What's a Lutheran? (1) So What Is a Lutheran, Anyway?
Unless you grew up around Lutherans – and here in northern Virginia, most people didn’t – you may not really know what is distinctive about the Lutheran church or what we mean here at Epiphany by calling ourselves a Lutheran congregation.
The official definition of a Lutheran church is one that subscribes to a confession of faith called the Unaltered Augsburg Confession of 1530. This statement summarized the position of the “evangelical” movement around Martin Luther and was aimed – unsuccessfully – at reaching agreement and reunification with Roman Catholics. This 16th-century document doesn’t touch on every question we have today, but much of it is still relevant, and to this day the technical definition of a Lutheran congregation is one that professes and teaches in accord with this confession (and usually a collection of other, related Reformation documents such as Luther’s catechisms known as the Book of Concord).
Practically, the end of the European religious wars of the 16th and 17th centuries resulted in the established state churches of parts of Germany, Scandinavia, and other places accepting the Augsburg Confession and so adopting the “Lutheran” label. Immigrants to North America from these places brought their home churches with them. Over the years the majority of U.S. Lutherans combined to form the Evangelical Lutheran Church in America (ELCA) in 1988, although a significant number of other, more sectarian Lutheran groups continue to exist in the United States. Many other churches around the world also identify themselves as Lutherans.

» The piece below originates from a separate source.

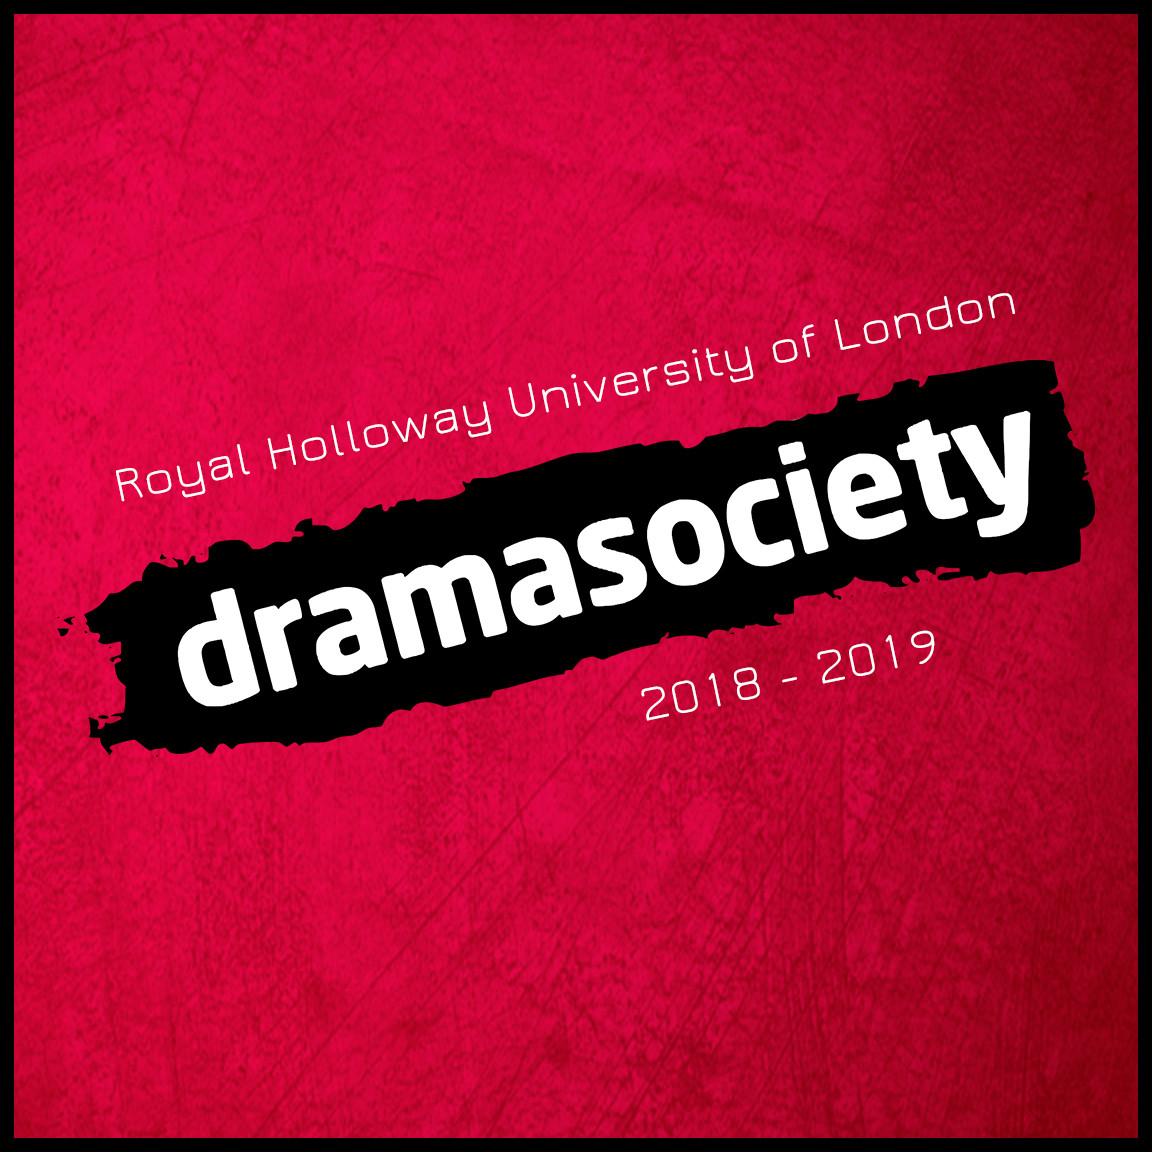 RHUL Drama Society

But the best understanding of Lutherans is that we belong to a movement within the one universal (or “catholic”) Christian church, in continuity with historic Western Christian faith. We have a distinctive theology and spirituality, which we’ll explore in this series, but Lutherans have an approach to Christianity intended to be an offering to all Christians – we never intended or wanted to be a “denomination” separate from other Christians. In fact, the ELCA has full-communion agreements with six other Christian denominations (including The Episcopal Church, the United Methodist Church, the Presbyterian Church (USA), the United Church of Christ, the Reformed Church in America, and The Moravian Church).